Problem details:
Quote each line of the material verbatim, without the pictures.

*** Material provided ***

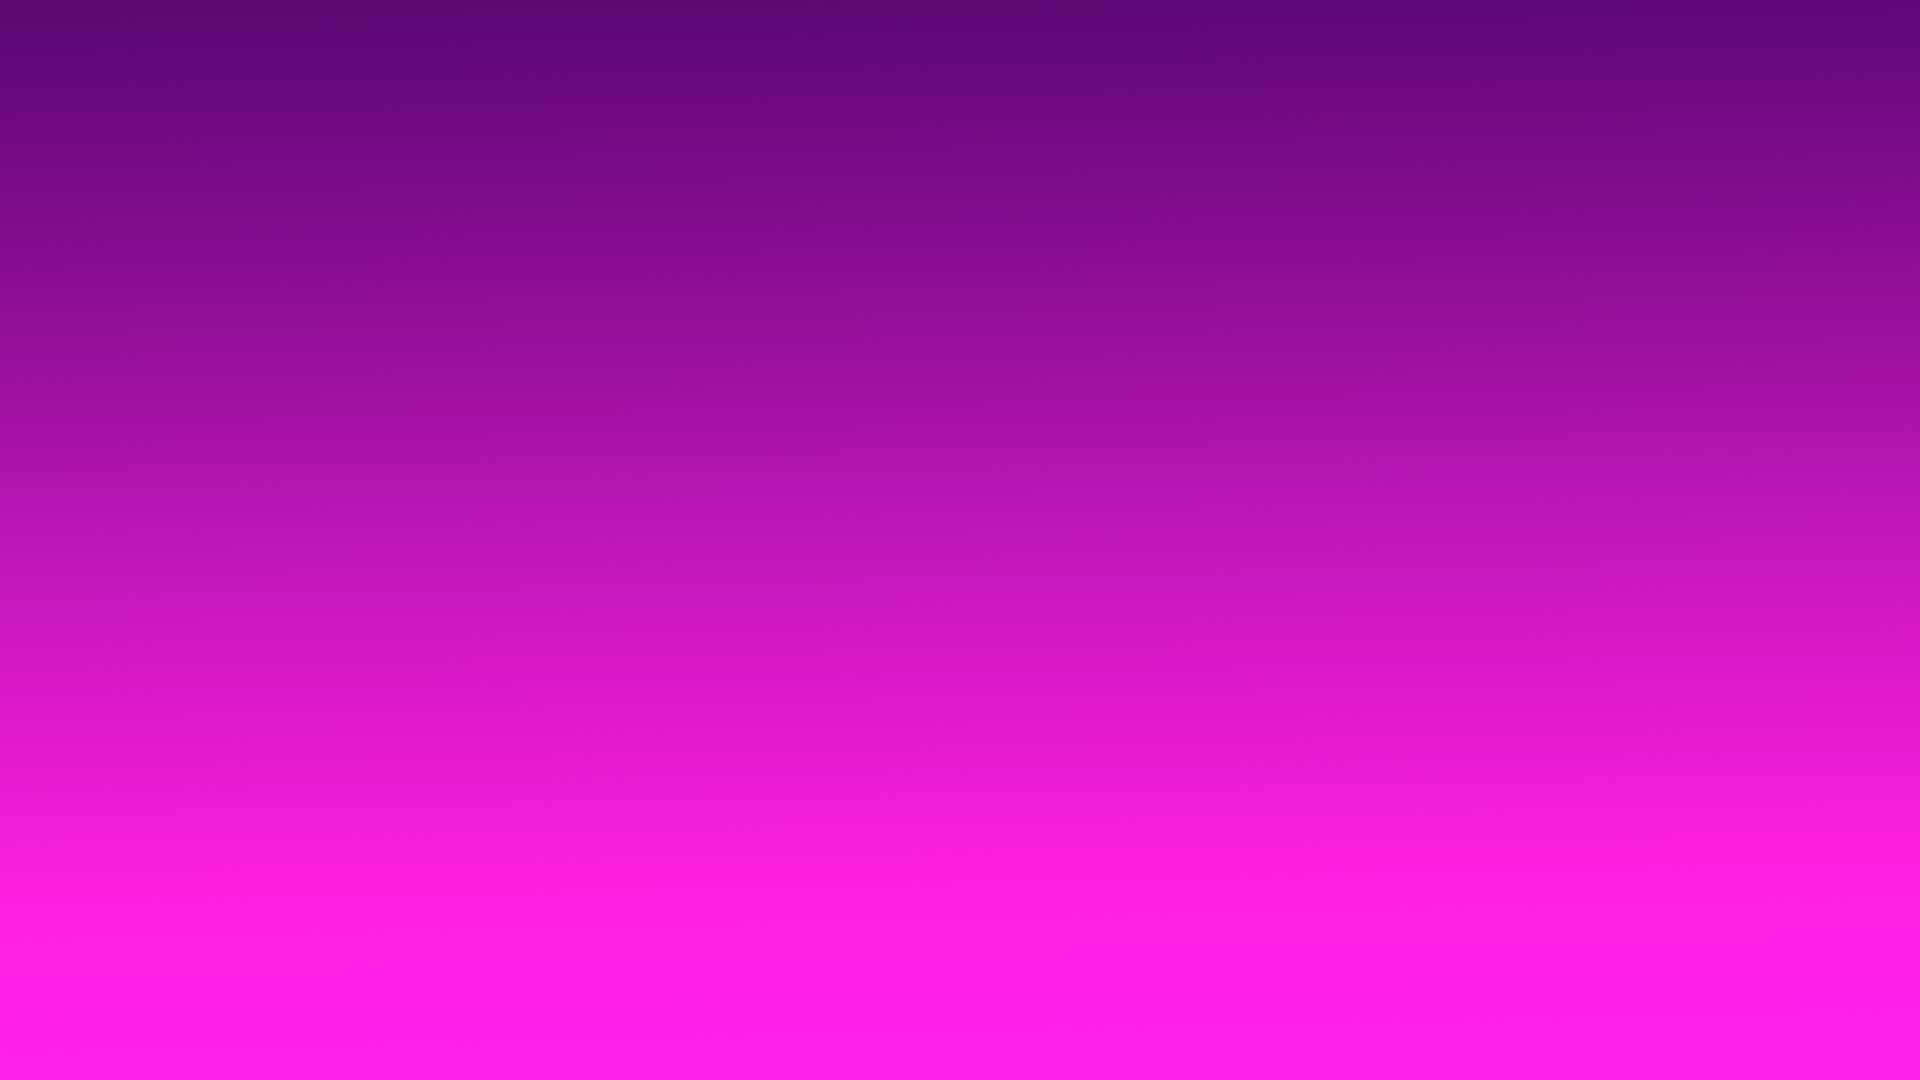 Purple Pink  EZTechTrainingcom
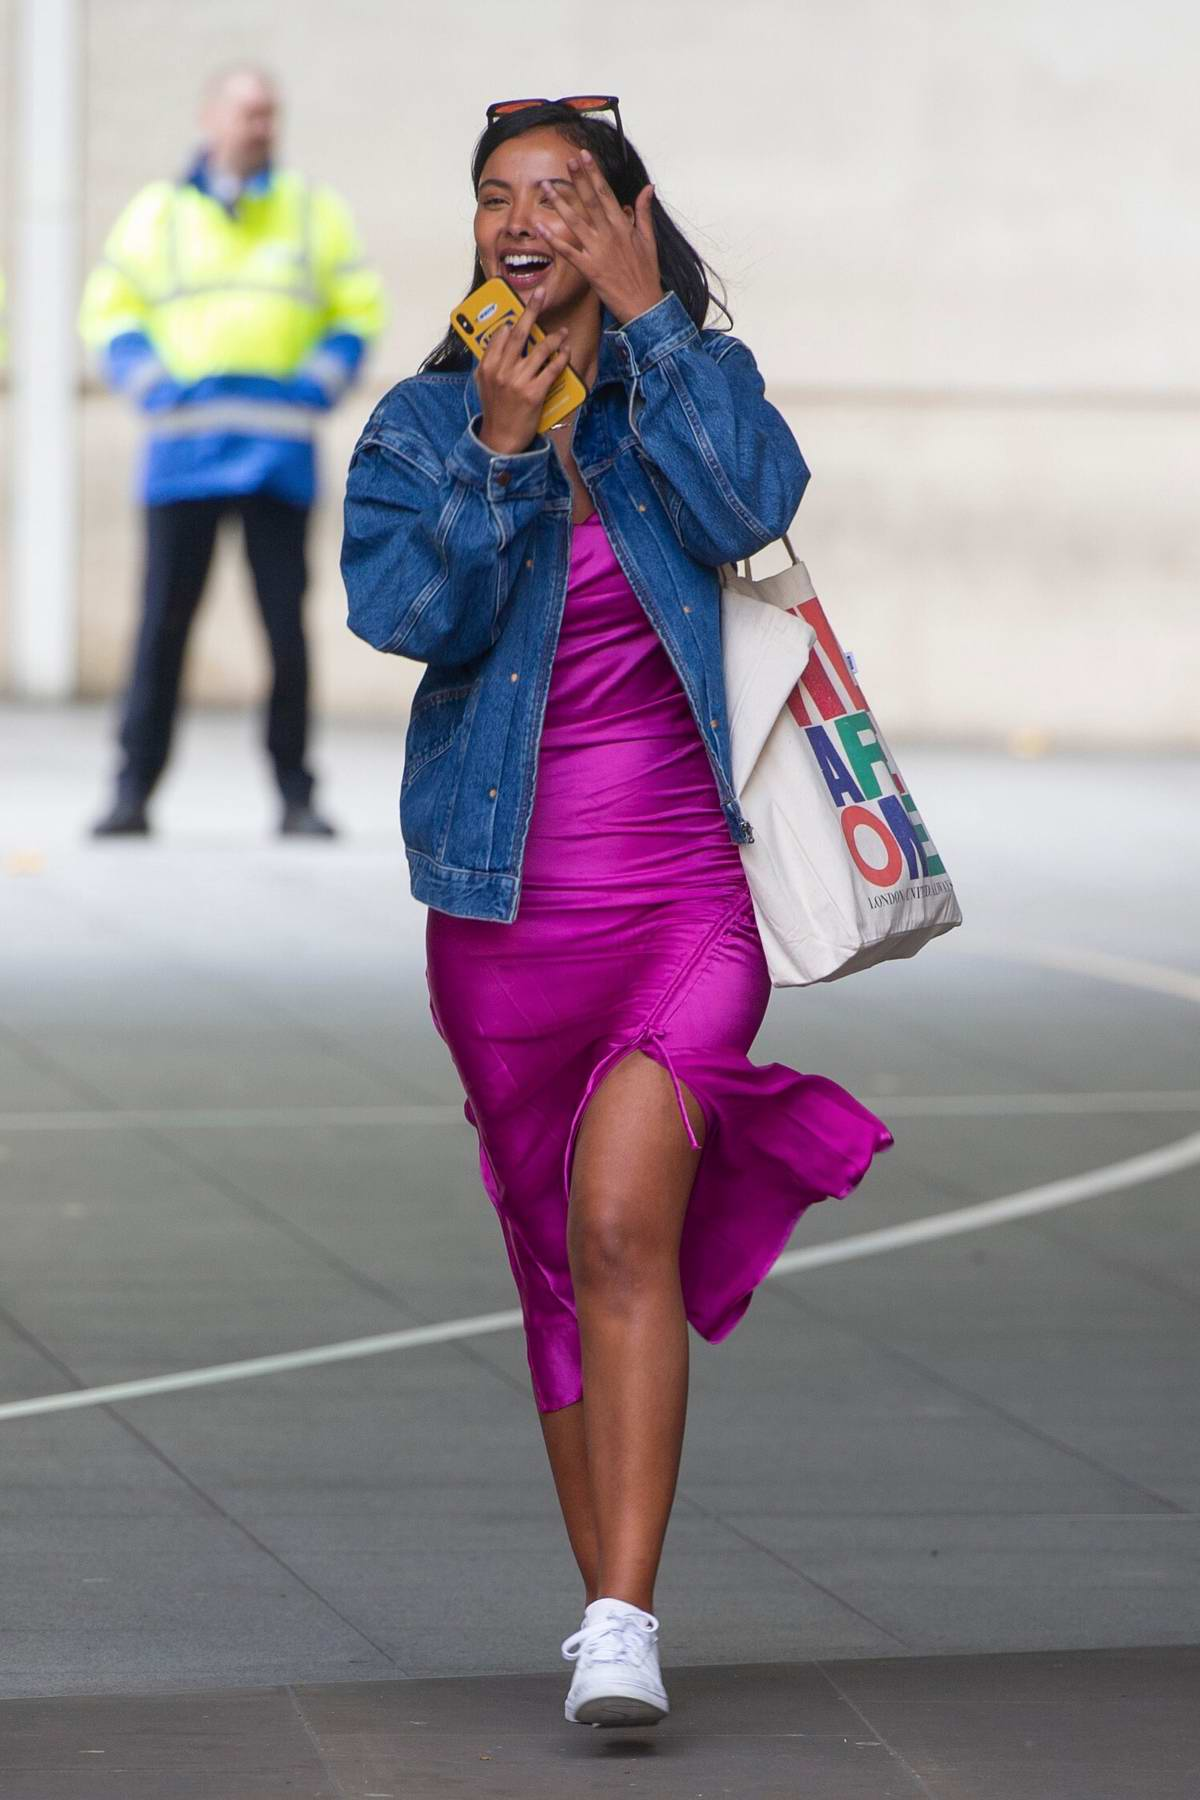 Maya Jama seen wearing a magenta pink slit dress as she arrives at BBC Radio One studios in London, UK
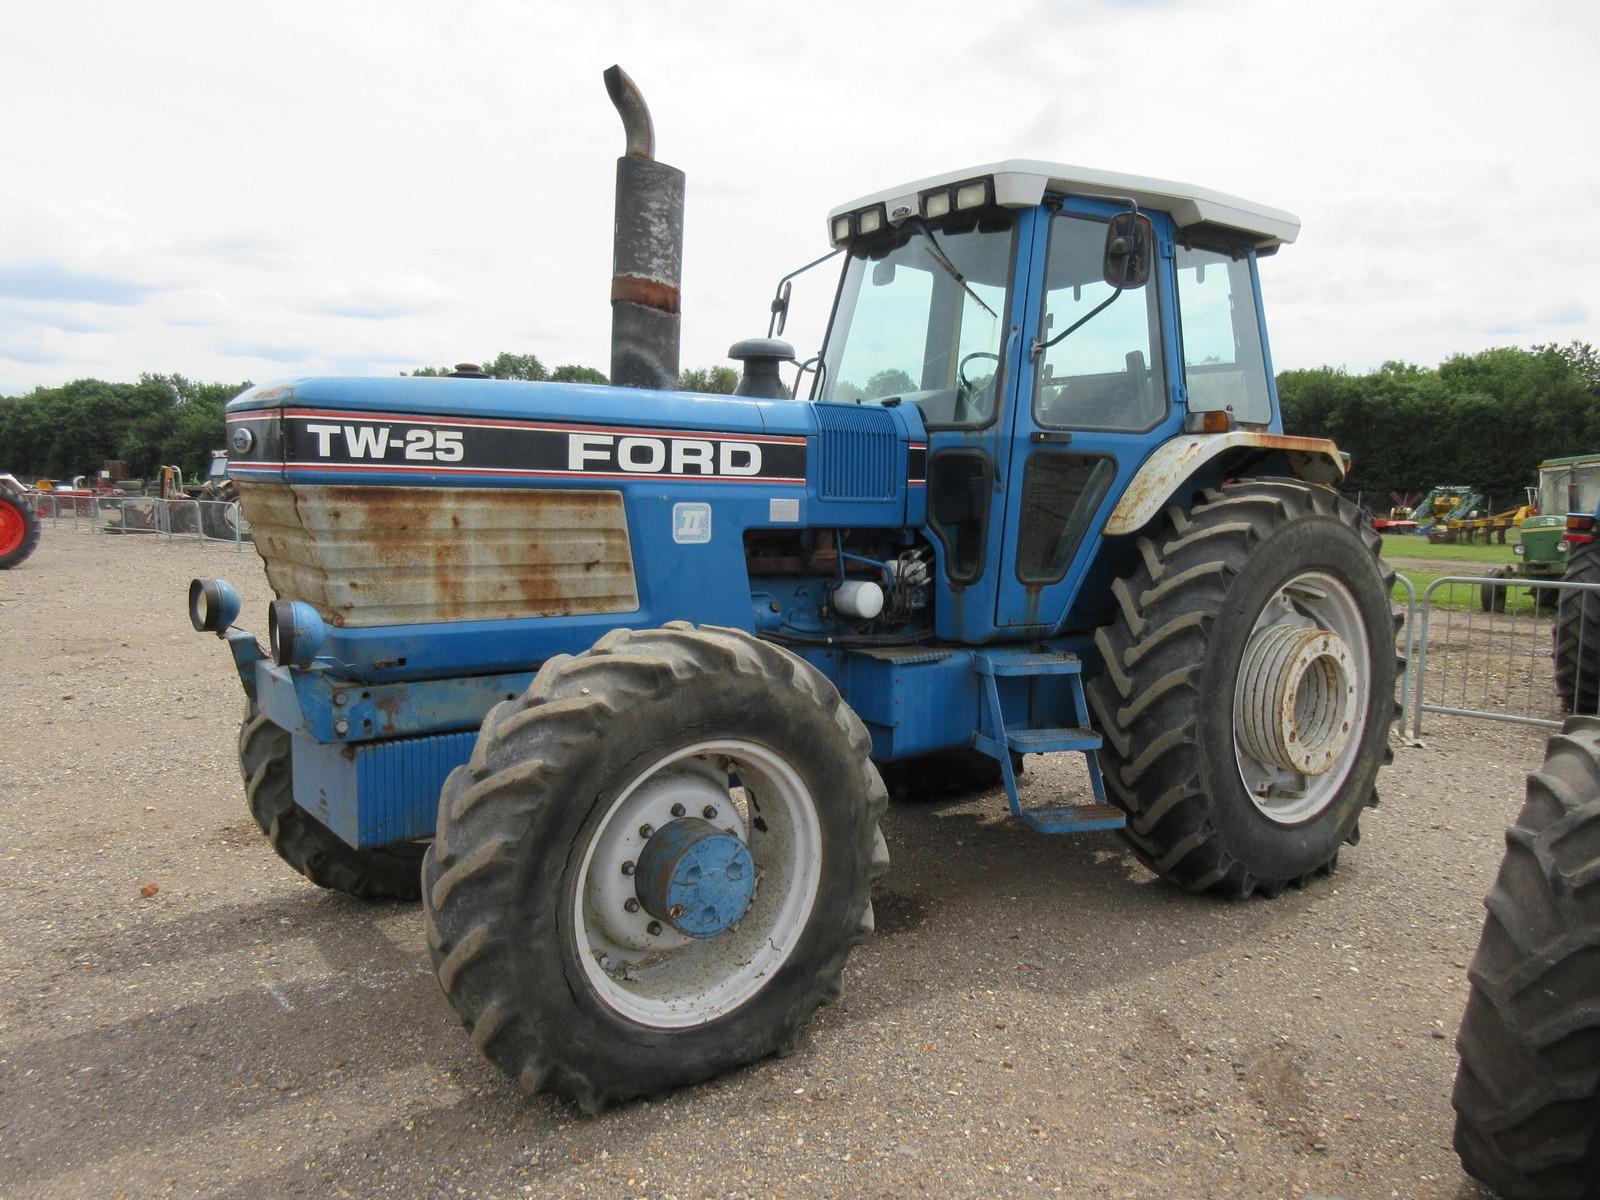 1990 ford tw 25 gen ii 6cylinder diesel tractor fitted. Black Bedroom Furniture Sets. Home Design Ideas

*** End of Material provided ***

Task solution:
 Purple Pink  EZTechTrainingcom
 Maya Jama seen wearing a magenta pink slit dress as she arrives at BBC Radio One studios in London, UK
 1990 ford tw 25 gen ii 6cylinder diesel tractor fitted. Black Bedroom Furniture Sets. Home Design Ideas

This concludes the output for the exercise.